Charged Rotating Kaluza-Klein Black Holes in Dilaton Gravity

TL;DR

This paper constructs a new class of slowly rotating charged Kaluza-Klein black hole solutions in five-dimensional Einstein-Maxwell-dilaton theory, analyzing how the dilaton field influences their physical properties and gyromagnetic ratio.

Contribution

It introduces a novel family of black hole solutions with arbitrary dilaton coupling, extending previous models and exploring the impact of the dilaton on black hole characteristics.

Findings

The dilaton field modifies the gyromagnetic ratio.

The gyromagnetic ratio decreases as the dilaton coupling increases.
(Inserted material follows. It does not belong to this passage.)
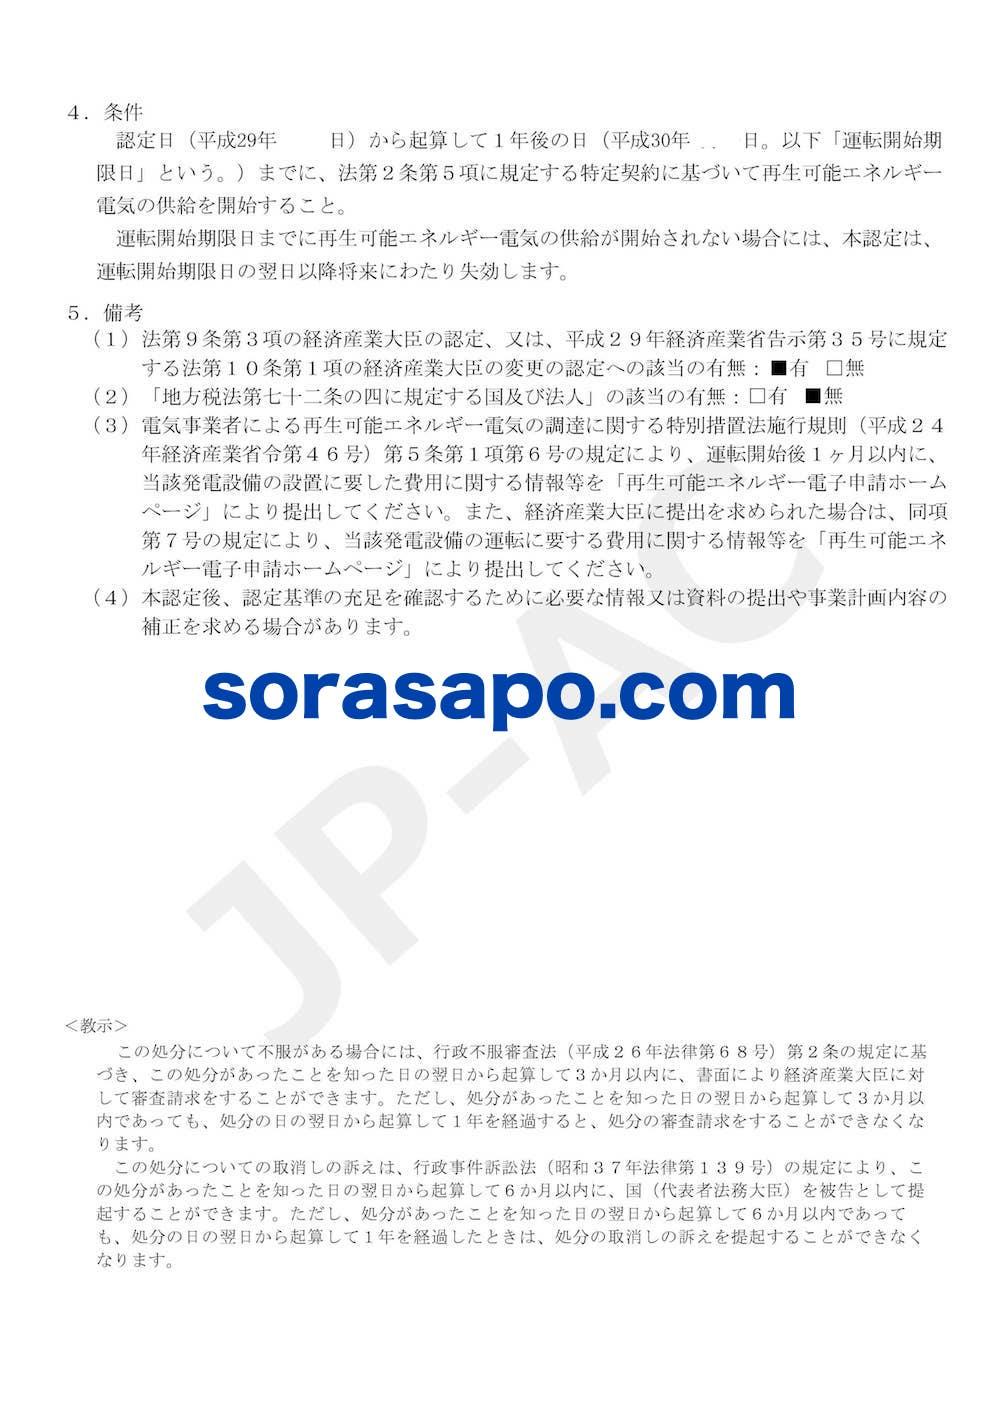 2017年発行の認定通知書サンプル
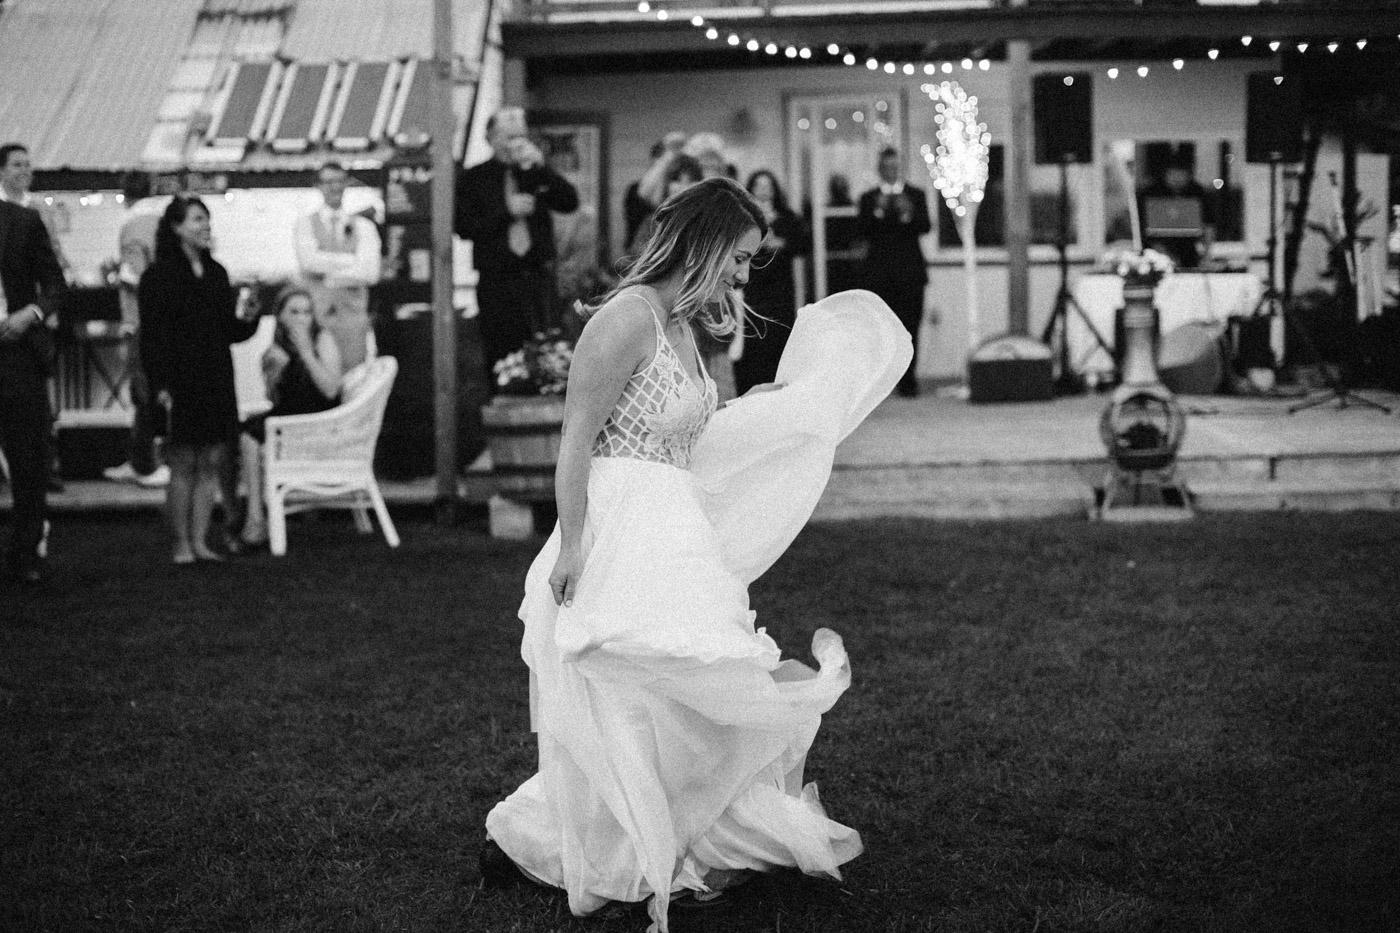 toronto_wedding_photographer_backyard_wedding-50.jpg

Solutions reduce to known five-dimensional black holes when the squashing function is absent.

Abstract

We obtain a class of slowly rotating charged Kaluza-Klein black hole solutions of the five-dimensional Einstein-Maxwell-dilaton theory with arbitrary dilaton coupling constant. At infinity, the spacetime is effectively four-dimensional. In the absence of the squashing function, our solution reduces to the five-dimensional asymptotically flat slowly rotating charged dilaton black hole solution with two equal angular momenta. We calculate the mass, the angular momentum and the gyromagnetic ratio of these rotating Kaluza-Klein dilaton black holes. It is shown that the dilaton field and the non-trivial asymptotic structure of the solutions modify the gyromagnetic ratio of the black holes. We also find that the gyromagnetic ratio crucially depends on the dilaton coupling constant, \alpha, and decreases with increasing \alpha for any size of the compact extra dimension.